VoltAgent → OpenObserve
Capture agent run latency, model name, token usage, user ID, and session ID for every VoltAgent invocation. VoltAgent is a TypeScript-first AI agent framework with built-in OpenTelemetry support. Configure a standard OTLP exporter before importing VoltAgent and spans are emitted automatically for every agent call.
Prerequisites
- Node.js 18+
- An OpenObserve account (cloud or self-hosted)
- Your OpenObserve organisation ID and Base64-encoded auth token
- An OpenAI API key
Installation
npm install @voltagent/core @voltagent/vercel-ai "@ai-sdk/openai@^2" \
@opentelemetry/sdk-node @opentelemetry/exporter-trace-otlp-http \
@opentelemetry/sdk-trace-base @opentelemetry/resources dotenv
Configuration
Create a .env file in your project root:
OPENOBSERVE_URL=http://localhost:5080/
OPENOBSERVE_ORG=default
OPENOBSERVE_AUTH_TOKEN=Basic <your_base64_token>
OPENAI_API_KEY=your-openai-api-key
Instrumentation
Set up the OTel SDK with an OTLP exporter before requiring VoltAgent.
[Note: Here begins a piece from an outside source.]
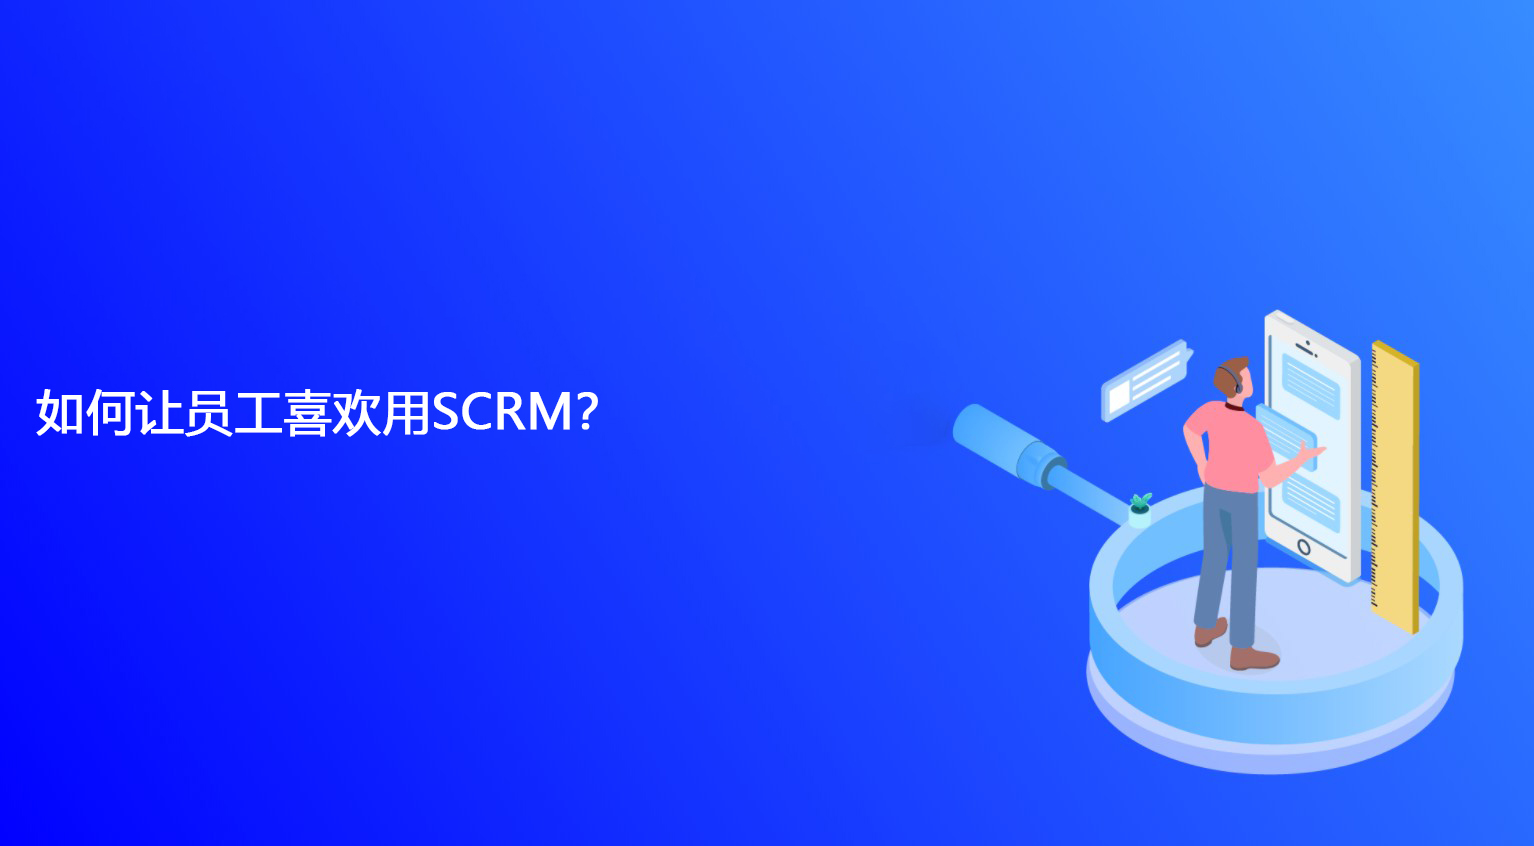 如何让员工喜欢用SCRM？

VoltAgent reads the active OTel tracer provider and emits generateText spans automatically for each agent call.
process.env.OTEL_SERVICE_NAME = 'voltagent-app';
require('dotenv').config();
const { NodeSDK } = require('@opentelemetry/sdk-node');
const { OTLPTraceExporter } = require('@opentelemetry/exporter-trace-otlp-http');
const { SimpleSpanProcessor } = require('@opentelemetry/sdk-trace-base');
const { resourceFromAttributes } = require('@opentelemetry/resources');
const sdk = new NodeSDK({
resource: resourceFromAttributes({ 'service.name': 'voltagent-app' }),
spanProcessors: [
new SimpleSpanProcessor(
new OTLPTraceExporter({
url: `${process.env.OPENOBSERVE_URL}api/${process.env.OPENOBSERVE_ORG}/v1/traces`,
headers: { Authorization: process.env.OPENOBSERVE_AUTH_TOKEN },
})
),
],
});
sdk.start();
const { Agent } = require('@voltagent/core');
const { VercelAIProvider } = require('@voltagent/vercel-ai');
const { openai } = require('@ai-sdk/openai');
async function main() {
const agent = new Agent({
name: 'observability-agent',
description: 'A helpful assistant that answers questions about observability.',
llm: new VercelAIProvider(),
model: openai('gpt-4o-mini'),
});
const result = await agent.generateText(
'Explain distributed tracing in one sentence.',
{ userId: 'user-123' }
);
console.log(result);
await sdk.shutdown();
}
main().catch(console.error);
Run with:
What Gets Captured
| Attribute | Description |
|---|---|
operation_name |
generateText for every agent call |
agent_id |
Internal agent identifier |
agent_name |
Agent name set in the Agent constructor |
ai_model_name |
Model used (e.g. gpt-4o-mini) |
ai_usage_tokens |
Total tokens consumed by the call |
gen_ai_usage_prompt_tokens |
Tokens in the input prompt |
gen_ai_usage_completion_tokens |
Tokens in the generated response |
enduser_id |
User ID passed in the call options |
session_id |
VoltAgent session identifier |
span_status |
OK on success, ERROR on failure |
status_message |
Error detail when the call fails |
duration |
End-to-end agent run latency |
Viewing Traces
- Log in to OpenObserve and navigate to Traces
- Filter by
operation_name=generateTextto see all agent calls - Filter by
agent_nameto compare different agent configurations - Filter by
enduser_idto trace calls for a specific user - Filter by
span_status=ERRORto find failed runs

Next Steps
With VoltAgent instrumented, every agent run is recorded in OpenObserve. From here you can track per-agent latency, monitor token usage by user ID, and alert on error rates.